その昔当たり前にあると思って、空を大切にしない人たちが空を汚してしまったから、野薊の神様が怒って人々から‘空を見る権利‘を奪ってしまったのがこの世界の‘権利‘のはじまり。
もっと言っちゃうとね、私もくぅちゃんも…そしてこの世界の多くの人は‘空を見る権利‘がないの。
でも、私たちはみんな元の世界で空を知っていて、空を望んだから…だからこれは人工的に作った空。
いつでもこのノアザミ色をしているの。
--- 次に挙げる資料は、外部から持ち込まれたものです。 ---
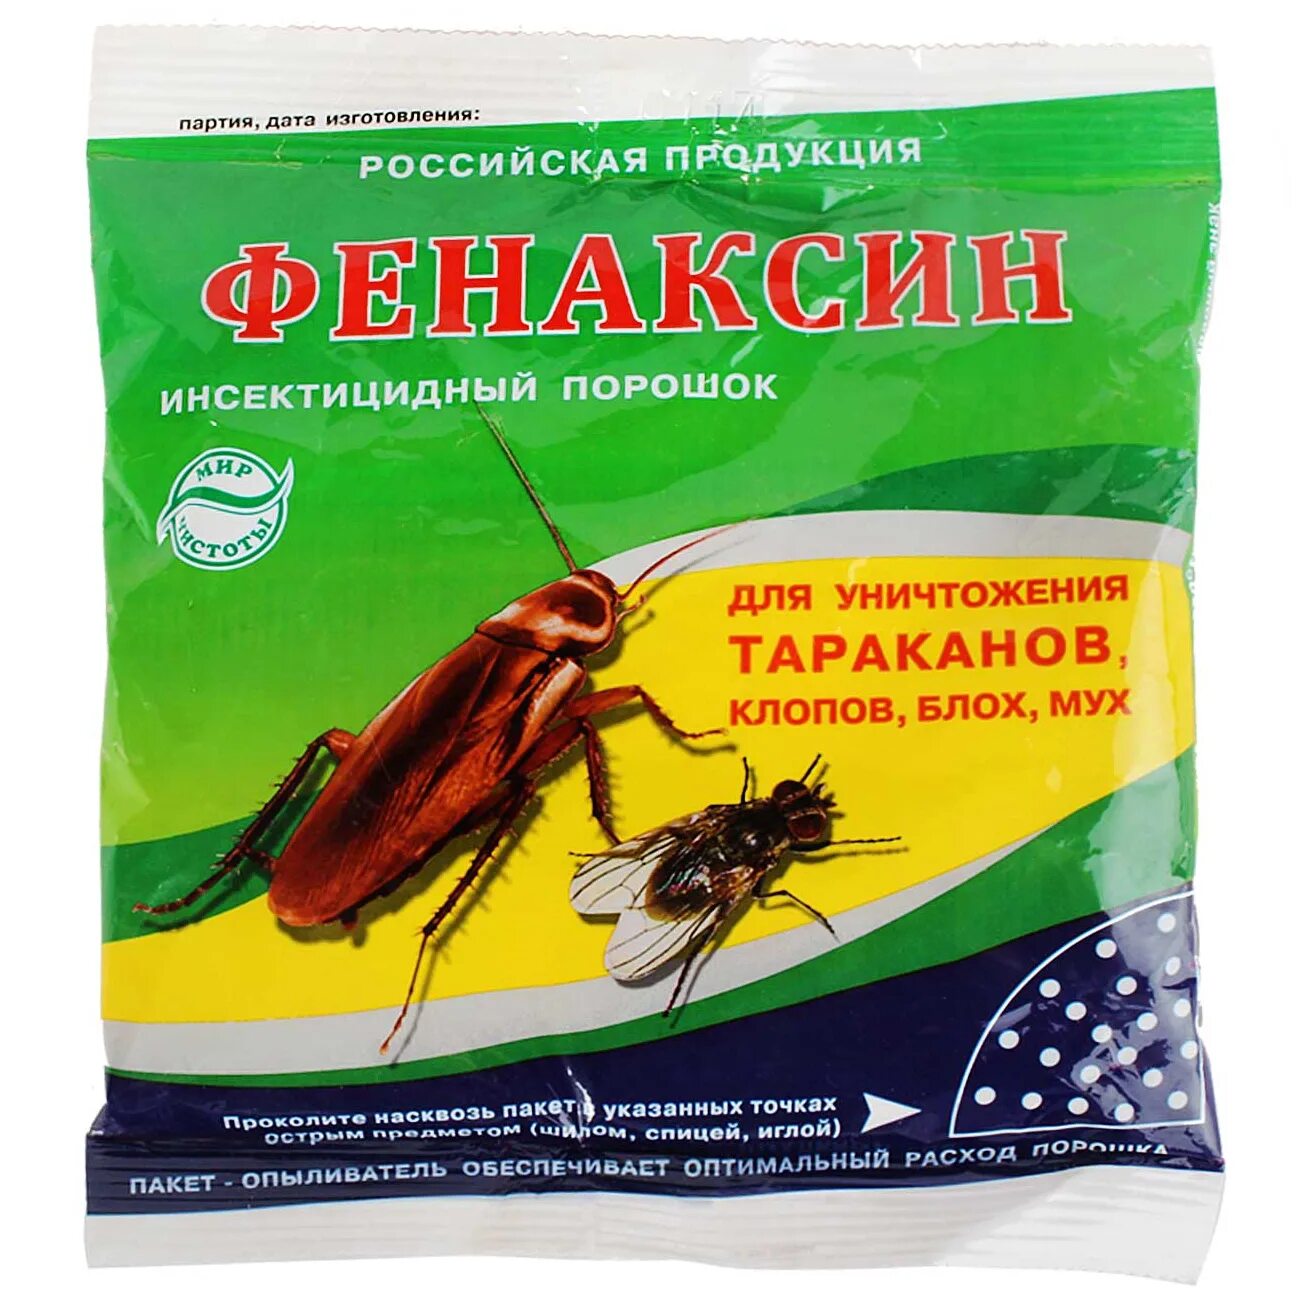 Фенаксин 125г от тараканов и муравьев. Порошок от тараканов, клопов, блох Фенаксин 125г (90). Средство от насекомых "Фенаксин", 125 г. Средство инсектицидное Фенаксин 125г.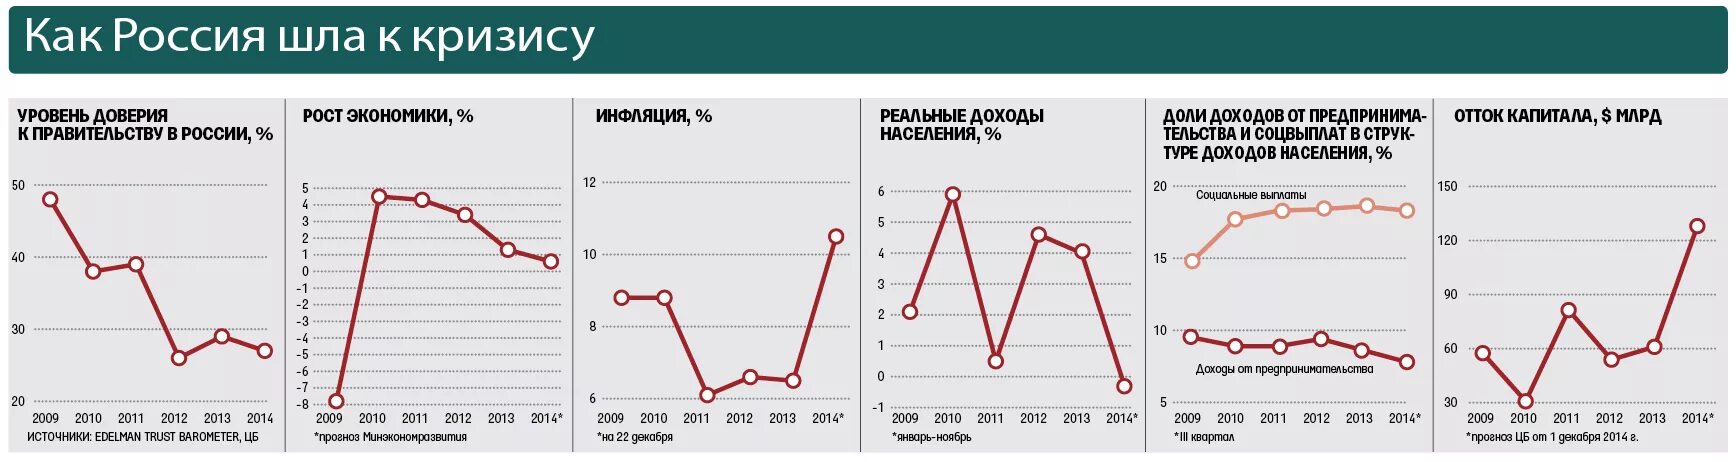 Таблица экономические кризисы в России по годам. Экономические кризисы в России график. Экономические кризисы в России по годам. Кризис в России диаграмма. Кризисные годы в экономике

」
カイと名乗った女の子が話している内容は全く分からなかった。
でも、一つだけ確かに分かるのはさっきからこの空は少しも変化していないということ。
もしかしたら僕が寝ていた二時間の間に天ちゃんになにかあったのかもしれないけれど、僕は自分を双子と表現できなくなっていることに恐怖を覚えていた。これ以上、天ちゃんのことを聞くことが怖くて仕方がなかった。
天ちゃんのことはちゃんと覚えているのに天ちゃんとの関係は答えられない…すごくもやもやした気分。
なにも知らない世界で…天ちゃんがいない…天ちゃんがいない世界で僕は生きたことがない。
「分からないことばかりで不安だよね…でも、大丈夫だよ、私もそうだったから。
安心して、‘案内人‘の私が付いているから!野薊の世界ではまだくぅちゃんはなにも持っていないけれど、これからなりたいものややりたいことの‘権利‘たくさんもらえばいいんだよ!
天ちゃんさんのことも大丈夫!‘双子の権利‘だってきっと見つけることができるよ!
だから、私にしっかり案内人の仕事をさせてね!」
満面の笑みで‘権利‘、‘権利‘というカイ。案内人と自身を表現する女の子。
僕はその言葉の本当の意味も、この野薊の世界の本当の空も知らないまま立ち尽くすしかなかった。
僕の始まりはこのノアザミ色の空の下、海うみ色の瞳に見守られて小さく、一人で細い芽を出した。
この先にどんな未来が待っているのかは、誰も知らない。